Spatial and Temporal Analysis of Twitter Activity during Hurricane Dorian

Purpose

The purpose of this exercise is to analyze the geographic and temporal distribution of Tweets in the Eastern United States during Hurricane Dorian. In the process of this, we will cover a number off things. First, we will practice scraping twitter data in R using rtweet, cleaning it, and visualizing its temporal trends and performing sentiment analysis. Then, we will send the data to a PostGIS database to join it to county level data and count the level of tweets by county. Then, we will visualize the data with a heatmap of raw tweets and a choropleth of the NDTI (Normalized Tweet Difference Index). Finally, we will use GeoDa to perform a spatial hotspot analysis. Additionally, one of the motivating factors behind this lab was to see if there was a rise in Dorian-related tweets in Alabama after the “sharpie-gate” incident.

Software

The following softwares were used to complete this exercise:

Data

Some of the relevant data for this project will be acquired (with explanation) while the scripts are run. Other data, specifically the actualy twitter content, requires a Twitter API (developer account) to use.

You can download the status ID’s for the tweets analyzed in this exercise here:

Twitter Content Analysis in R

The first portion of this analysis consists of scraping twitter data into R and performing some analyses of the twitter content. You can download the entire R script but I will walk through some of the code as well.

Once you have installed the necesarry packages and loaded them into you library, you can load your API information into R and start scraping twitter data.

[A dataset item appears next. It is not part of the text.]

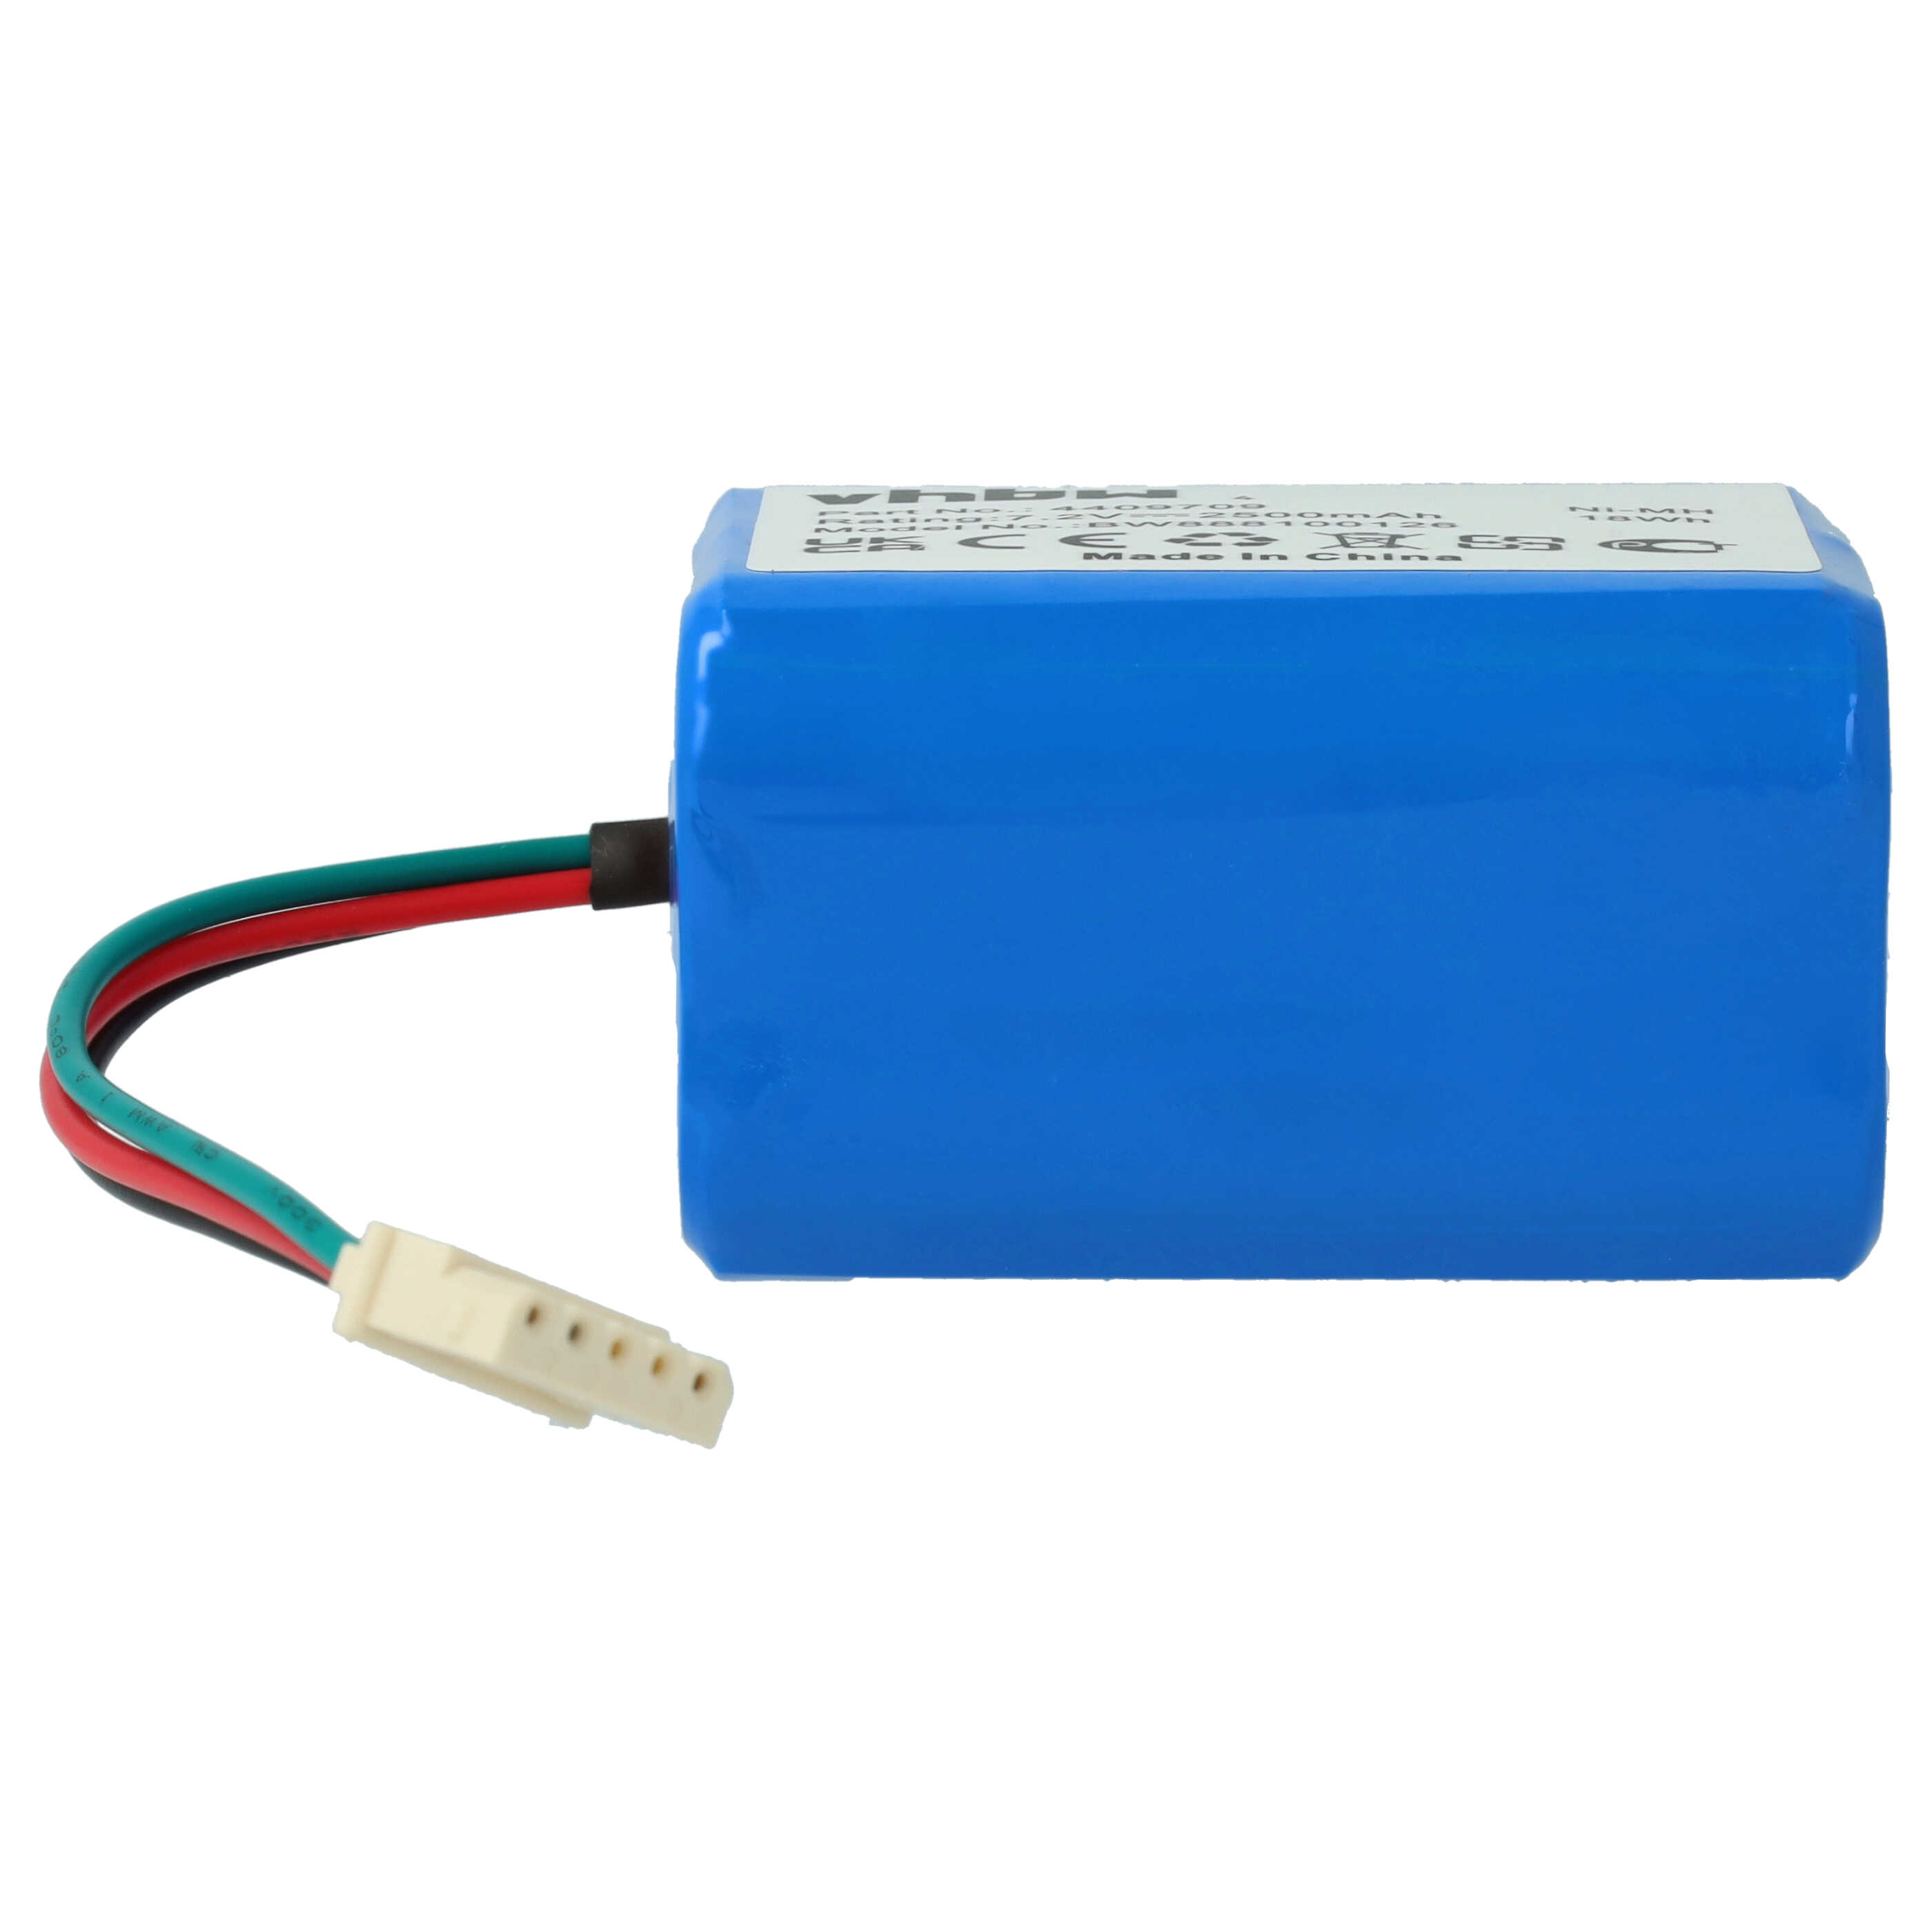 Battery Replacement for iRobot 4409709, GPRHC202N026, W206001001399 for - 2500mAh, 7.2V, NiMH

This requires an API and you can only scrape tweets from the past week.

Code:

#set up twitter API information // #replace app, consumer_key, and consumer_secret data with your own developer acct info
#this should launch a web browser and ask you to log in to twitter
twitter_token <- create_token(
  app = "name",  					
  consumer_key = "key",  	
  consumer_secret = "secret", 
  access_token = "token",
  access_secret = "secret"
)

#get tweets for hurricane Dorian, searched on September 11, 2019
dorian <- search_tweets("dorian OR hurricane OR sharpiegate", 
                        n=200000,
                        include_rts=FALSE, 
                        token=twitter_token, 
                        geocode="32,-78,1000mi", 
                        retryonratelimit=TRUE)

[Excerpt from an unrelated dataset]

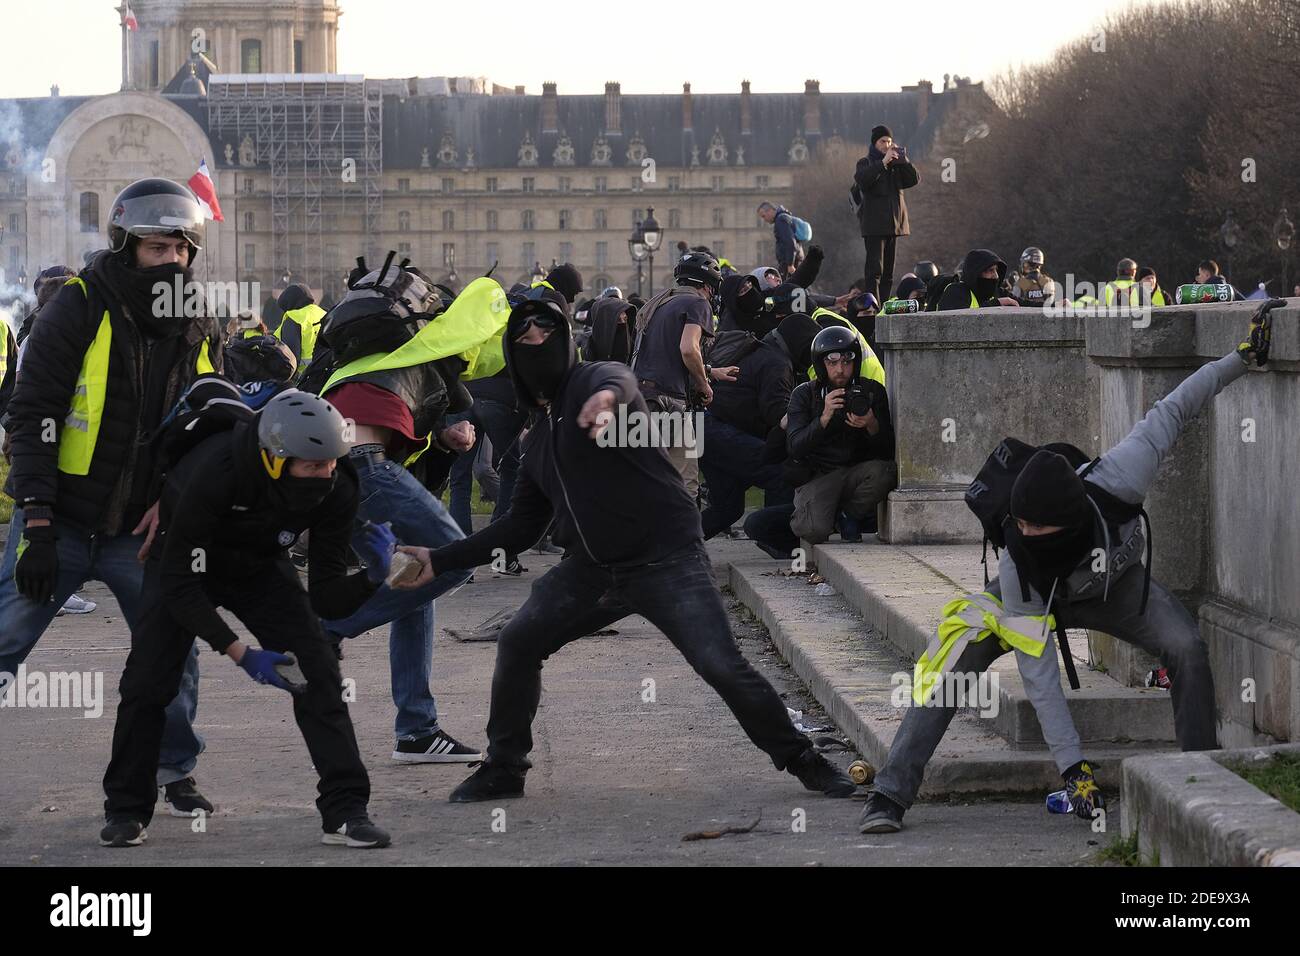 French yellow vests (Gilets jaunes) protesters throw stones during clashes  with French riot police on the Esplanade des Invalides during the 14th  consecutive week of nationwide Yellow Vest (Gilets Jaunes) movement protests

Once you have saved the data into your environment, you can begin analyzing and visualizing the twitter content. Here, we will clean the tweets to only include plain text, unnest them (make rows out of individual words instead of rows of whole tweets), remove the stopwords, and visualize the most used words related to the hurricane.

Code:

dorian$text <- plain_tweets(dorian$text)

dorianText <- select(dorian,text)
dorianWords <- unnest_tokens(dorianText, word, text)

# how many words do you have including the stop words?
count(dorianWords)

#create list of stop words (useless words) and add "t.co" twitter links to the list
data("stop_words")
stop_words <- stop_words %>% add_row(word="t.co",lexicon = "SMART")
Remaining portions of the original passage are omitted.